Hello Friends!
I have a simple VXLAN EVPN environment with 5672(Leafs) and 7706(BorderSpines).
All Leafs paired in VPC pairs.
All vlans exist on all VPC pairs and same Anycast GW with the same Anycast MAC address configured on them.
So, there is nothing special :).
Recently I noticed that huge amount of problem with host reachability exist in my environment.
Hosts partially lost connectivity (from some places of our network it`s reachable and from another it`s not)
Also I saw that iBGP table version count tremendously big (from my environment size perspective)
After some investigations, I understood that problem arise only on "orphan-connected" hosts.(Yes, orphan hosts isn`t good idea, but unfortunately now we have to maintain this type of connections in our environment)
ARP entries of this orphan hosts are continuously flapping (on Leafs from VPC pair where hosts connected to), entries lives no longer than 1-3 seconds.
MAC table is stable on both VPC members at this moment, all entries pointed to right interfaces.
It cause iBGP updates continuously flapping (Leafs doing withdrawal\advertising EVPN routes according arp table flapping) and increase iBGP table version count to the moon :)

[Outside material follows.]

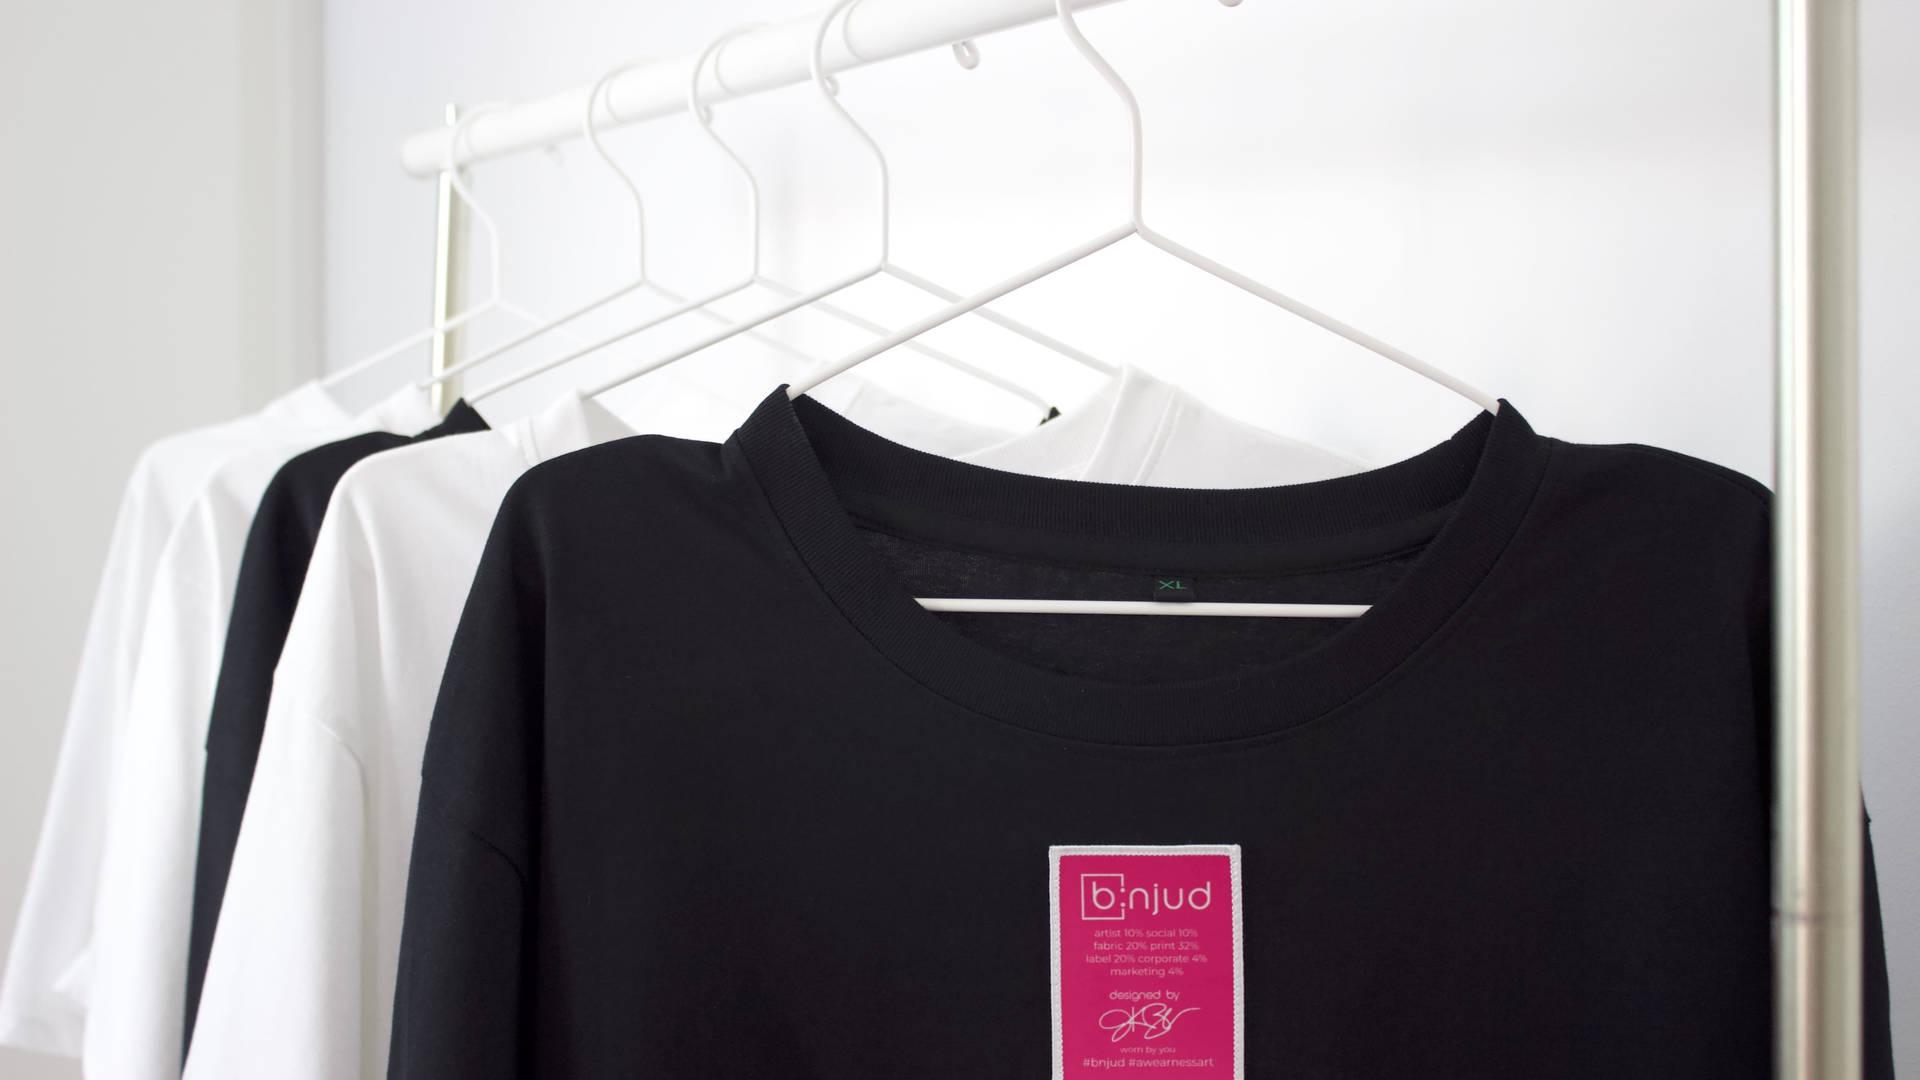 bnjud-wardrobe

So, the issue flow in the BAD case (from my perspective):
- Orphan-host connected to VPC Peer A
- Peer A complete MAC entry and ARP entry, but for some reason not synchronize ARP entry with Peer B(or partially synchronized)
- When packet to host landing to Peer B it has no complete ARP entry and trying to resolve it by sending ARP request via peer-link
- Request goes to the Peer A and reaches destination host which generate ARP reply
- This ARP reply refreshing ARP entry on Peer A(and absorbing here cause Anycast GW) but for some reason Peer A and Peer B still don`t synchronize ARP entry via CFSoE
- Every subsequent packet that landing to Peer B will reproduce this circle problem and calling ARP flapping
It`s interesting behavior, more likely a bug. This behavior independent of connection type(directly-connected or fex-connected)
Maybe this post will help for someone who faced with similar problem.